Why havent you submitted the file to virustotal? I’d like to see the detection rate.
A link to the Virustotal analysis is the very first link in this blog post.
http://www.virustotal.com/file-scan/report.html?id=1cc214cee10f02d37359c0e3d04fd57899333c4b1eaa81489c74e5c2fa17c3a8-1324068153
What ever happened to picking targets that didn’t make you a total scumbag? Seniors? Amnesty Int.? Come on blackhats, class it up a bit.
Going back up the tree a few levels to http://3max.com.br/cgi-bin/ , it says “By TeaM MosTa” – See: http://www.zone-h.org/archive/notifier=TEAM%20MOSTA
That doesn’t tie in with the anti-dissident theory very well. Maybe the amnesty hackers just used an already compromised server. Or did they just put “By TeaM MosTa” as a misdirect?
it looks that this particular malware sample tries to post data with IP 209.40.98.173 on port 443 but it does not use https as protocol
Whois:
NetRange: 209.40.96.0 – 209.40.127.255
CIDR: 209.40.96.0/19
OriginAS:
NetName: HOPONE-DCA2-4
NetHandle: NET-209-40-96-0-1
Parent: NET-209-0-0-0-0
NetType: Direct Allocation
RegDate: 1999-04-28
Updated: 2005-09-26
Ref: http://whois.arin.net/rest/net/NET-209-40-96-0-1
OrgName: HopOne Internet Corporation
OrgId: HOPO
Address: 3311 South 120th Place
City: Tukwila
StateProv: WA
PostalCode: 98168-5125
Country: US
RegDate: 1999-12-02
Updated: 2008-10-04
Comment: HopOne Internet Corp.(R)
Comment: “The Foundation of Internet Success.”(R)
Comment: http://www.hopone.net
Ref: http://whois.arin.net/rest/org/HOPO
Interesting. The UK site was hit earlier this year, you’d think they would be a bit more sensitive to it…the group has been busy…
https://www.securelist.com/en/blog/208188089/Democratic_Party_of_Hong_Kong_Website_Compromised_and_Serving_Spyware
http://news.softpedia.com/news/Drive-By-Download-Attack-Launched-from-Amnesty-International-UK-Website-195507.shtml
https://www.securelist.com/en/blog/2332/Firefox_Tricked_Current_0day
I have no idea exactly what the situation is for “human rights activists” (quotes not intended to signify anything other than quoting Brian’s article) and other people the powers that be don’t like in China but I would have imagined many of them would be using Tor and a safe browser setup, one that won’t run Java applets in other words.

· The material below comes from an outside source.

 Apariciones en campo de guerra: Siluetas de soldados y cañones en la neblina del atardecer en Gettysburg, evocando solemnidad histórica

But like I said, I have no idea …
Upon further consideration I guess it’s probably activists outside China that they’re targetting right?

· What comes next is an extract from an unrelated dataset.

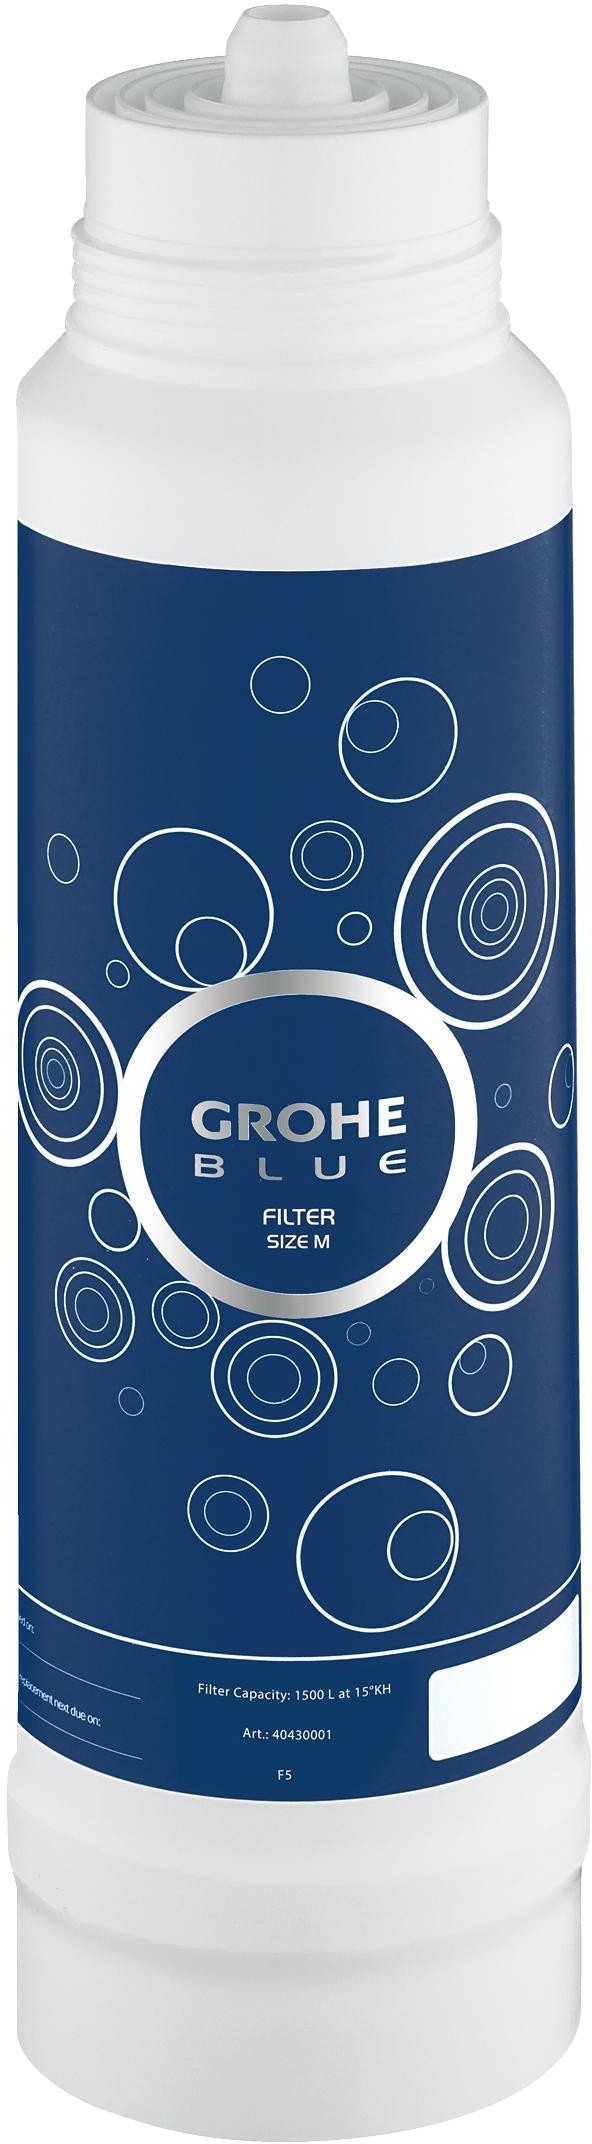 Сменный фильтр Grohe GROHE Blue 40430001

I propose the trap is not for human rights advocates but for those wanting to give charitably to an organization often linked to fundraising campaigns at Holiday Season and for End of year tax deductions.

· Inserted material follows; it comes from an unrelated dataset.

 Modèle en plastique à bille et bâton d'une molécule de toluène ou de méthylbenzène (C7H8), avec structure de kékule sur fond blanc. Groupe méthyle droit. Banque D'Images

The scam could be as simple as find a vulnerable organization persons with money donate to. Install a drive by Trojan that would then be used later to empty their bank accounts sit back and wait as people flock to donate at the end of the year.
I hope Redcross, Salvation Army, etc get scanned & double checked.
btw, one of the russian “political prisoners”, Pavel Vroublevsky, was out of jail today, 23th December. Two weeks ago some articles of the Criminal Code were liberalized, and there was no way to arrest Pavel more than for half a year before the court. But he’s still waiting for the decisions, and could be punished up to 5 years in jail.
hi!
i hope its ok to ask this slieghtly off topic question.
is it secure to have java web start active, and the browser plugin deactivated?
version is up to date.
You’ve got it all mixed up mate … remove any Java related startup entries, *activate* the web browser plugin for security reasons and *do not* run the web start module while connected to the internet.